Hamilton council approves debated vacant housing registration over owners’ objections

Encouraged by the fire chief’s description of how vacant houses can create significant damage to areas of town, Hamilton City Council voted Wednesday to require owners to register vacant residences and pay yearly fees that grow the longer their properties remain empty.

Council unanimously approved the ordinance over objections of property owners who argued they had little time to raise their objections to it. Before the approval, one change was made: Buildings do not need to be registered as vacant until they have been empty for four months, rather than two.

For a house that has been abandoned five years or more, the annual registration fee would be $3,200, with the fee starting at $200 the first year and doubling through year five.

Of the residential fires that happened in Hamilton during 2019, 21 percent were in vacant properties, Fire Chief Mark Mercer told the council. And, “In 2020, 23 percent of those were in vacant properties.”

Mercer detailed a series of fires since the 900 block of Greenwood Avenue that also ruined nearby buildings. Wood-frame houses in the area are more susceptible to fires, he said.

In January of 2019, a fire happened at 940 Greenwood, a house that was occupied. The next month, fire struck an empty house at 914 Greenwood. Seventeen days later, that property, which had been empty a long time again was on fire. In July 2020, a vacant house at 920 Greenwood was on fire. That house was demolished afterward.

Because of the 920 Greenwood fire, the next-door house at 918 Greenwood, which was occupied by a family, was damaged and became vacant after that. The next-door building on the other side, 922 Greenwood, also was damaged by the fire and was demolished. The building at 918 Greenwood was later purchased as an investment property “and sat vacant, causing blight in this neighborhood, to this current day. It’s still standing there,” Mercer said.

That building was declared a nuisance, and the city’s Nuisance Appeals Board ruled it needed to be demolished, “and three weeks after that ruling ... it caught fire again.” That blaze damaged the house next to it at 916 Greenwood, which was occupied by a woman and three children who were renting: “The building was damaged, the people lost all their property,” Mercer said.

Mercer said there were “eight fires in two years, in one block,” he said. “This is a neighborhood that has just been decimated by the blight.”

Hamilton real-estate agent Phil Morrical asked whether any arrests were made in those fires, “because having property in that area, I heard — and I think I made a call, even — that there was one person who was a suspect who was setting all these fires. If an arrest had been made, perhaps it would have been solved.”

Eric Vincent, president of the Butler County Real Estate Investors Association, earlier this week complained the legislation took him and others by surprise. He told the Journal-News and council he believes the ordinance will harm grieving families who have difficulty dealing with the emotional task of emptying the homes of deceased parents. Also, he was concerned about situations when someone is in the hospital and their home is empty.

Mercer said such situations are not what officials are trying to remedy. If a property is kept up while it is empty, if the utilities are on and it is not a nuisance to the neighborhood, he would waive the annual fees. Mercer said he would be “exceptionally liberal on that.”

Some citizens asked the city to postpone the vote, because, “I think the city has rushed to judgment on this,” Morrical said.

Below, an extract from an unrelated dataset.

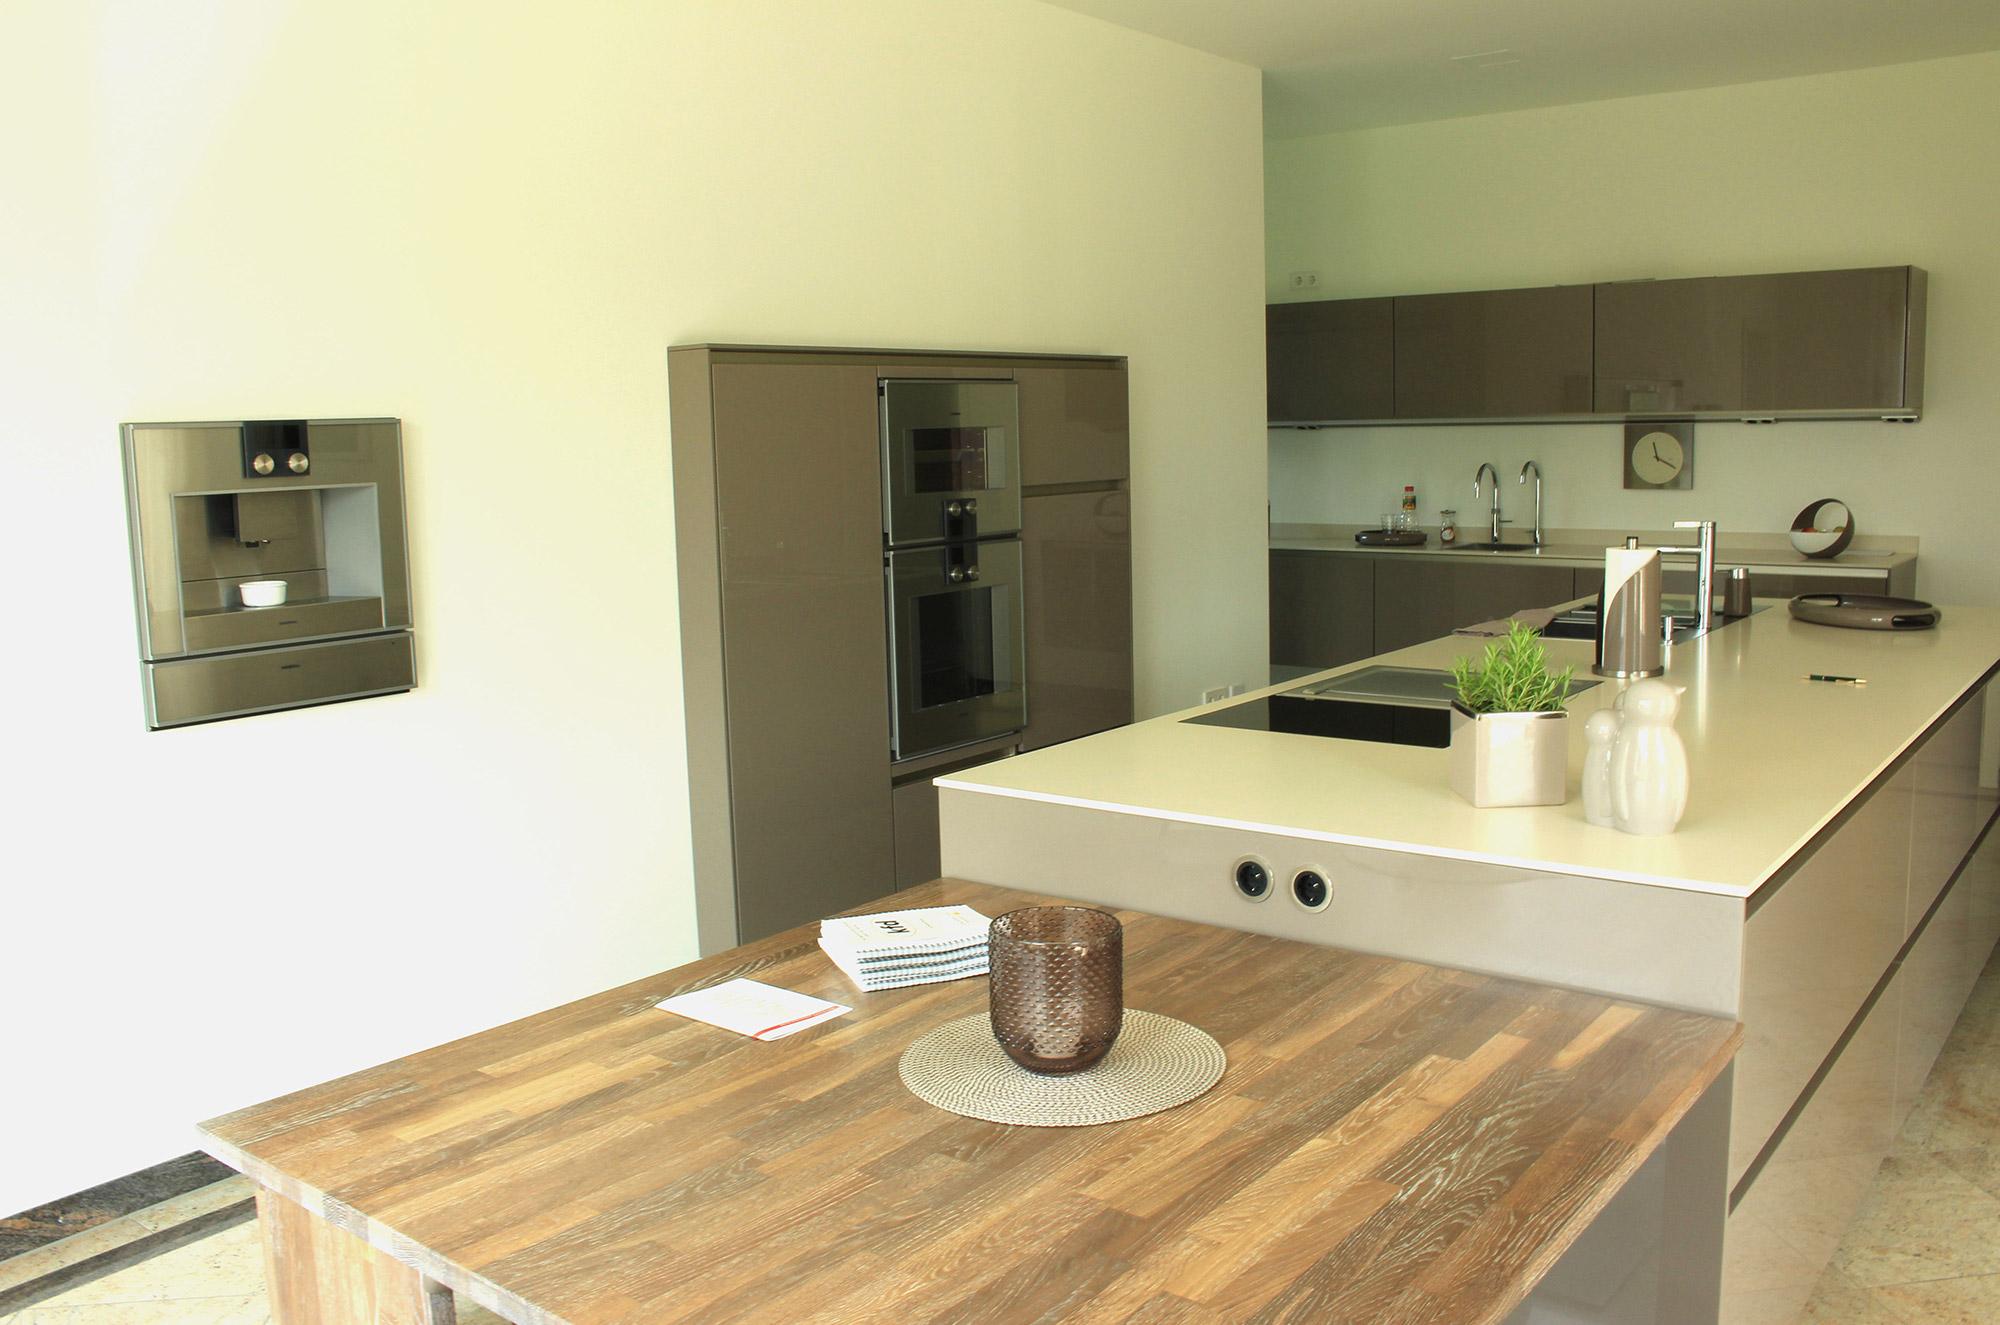 Bungalow-Hausbau Nordrhein Westfalen

“I think this is another tool that we can use to get control of the blight, to reduce the blight,” Council Member Michael Ryan said before the vote. “This is something that we can use that will keep our first-responders safe, and that will keep our neighborhoods safe, and that will hopefully reduce the deterioration that we’re having in our historical neighborhoods, and to hold those accountable who are being negligent.”

Council Member Carla Fiehrer said, “The people we’re forgetting about are who are living next door to these properties. They’re the ones that we’re supposed to be speaking for.”

“I believe that we will monitor it,” Fiehrer added. “If we have to change it, we will. But I think this is a good thing to do.”

Ryan followed up: “As Carla said, it is not fair for the old ladies that live in Lindenwald that are 80 years old, who live in the same home for 50 years and they’ve got to wake up and stare at a home that is causing problems for the neighborhood.”

“Let’s just see how this works in action,” Mayor Pat Moeller told Vincent when he spoke against the legislation during the meeting.